- EUR/USD falls for second day in a row, still under pressure.
- Dollar mixed on Wednesday ahead of US jobs data and Powell exposure.
- Inflation in the Eurozone marks a new record, while the attention continues on Ukraine.
EUR/USD is falling on Wednesday for the second day in a row. The pair hit a new low since May 2020 at 1.1058 during the European session and then bounced back, hitting levels above 1.1100 but unable to assert itself above.
In the American session preview, the EUR/USD is trading at 1.1080/90, with the bearish bias intact. The dollar remains relatively firm in the market, in a climate of caution that persists, with the focus on the situation in Ukraine and on the markets.
Inflation on the rise in the Eurozone, US data and Powell ahead
After the data by country with figures higher than expected, it was not a big surprise that inflation in the Eurozone will reach 5.8% in February, a new record, which puts the European Central Bank in trouble.

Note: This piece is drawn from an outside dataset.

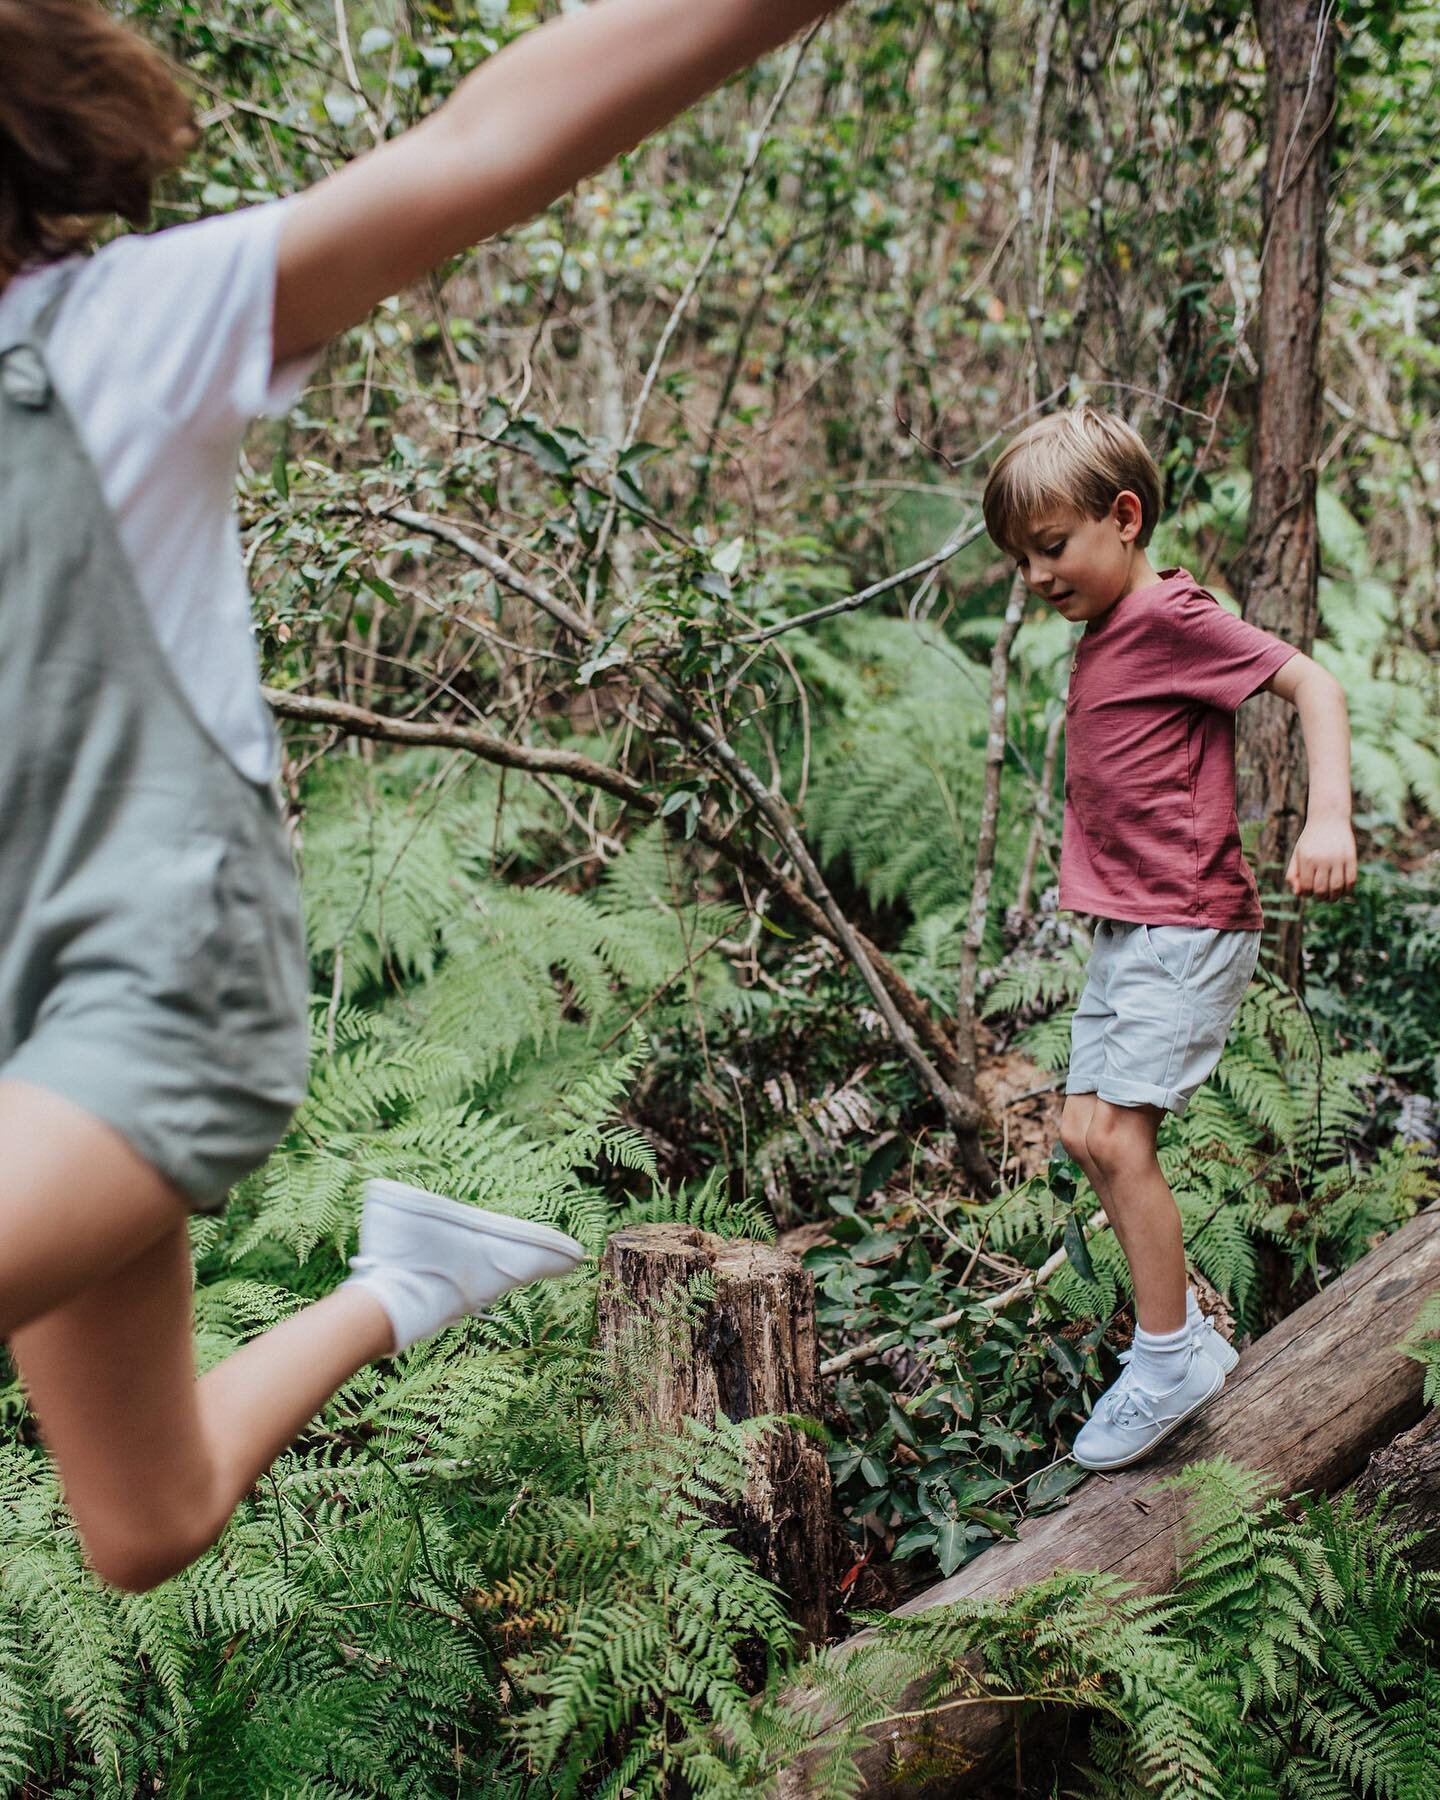 More adventure. More fun. More dirty feet. More crazy kids. More climbing trees. More exploring. More happy parents. More you! Finish your shoot wet, dirty and grinning from ear to ear! If that&rsquo;s your thing. Do what you love and let me capture

The largest increases were in energy and goods. Added to the above is the current rise in the price of oil, which may continue to put upward pressure on prices. The ECB will pronounce itself next week, when the Governing Board meets on Thursday.
In the US on Wednesday the ADP employment report will be published, which is expected to show an increase of 400,000 jobs in the private sector. Attention will then turn to the Jerome Powell exhibit. The president of the Federal Reserve will speak before a Congressional Committee (he will also do so on Thursday before another) for the presentation of the semi-annual report on monetary policy. Charles Evans of the Chicago Fed and James Bullard of the St. Louis Fed will speak publicly. In the afternoon of the American session the Fed will publish the Beige Book.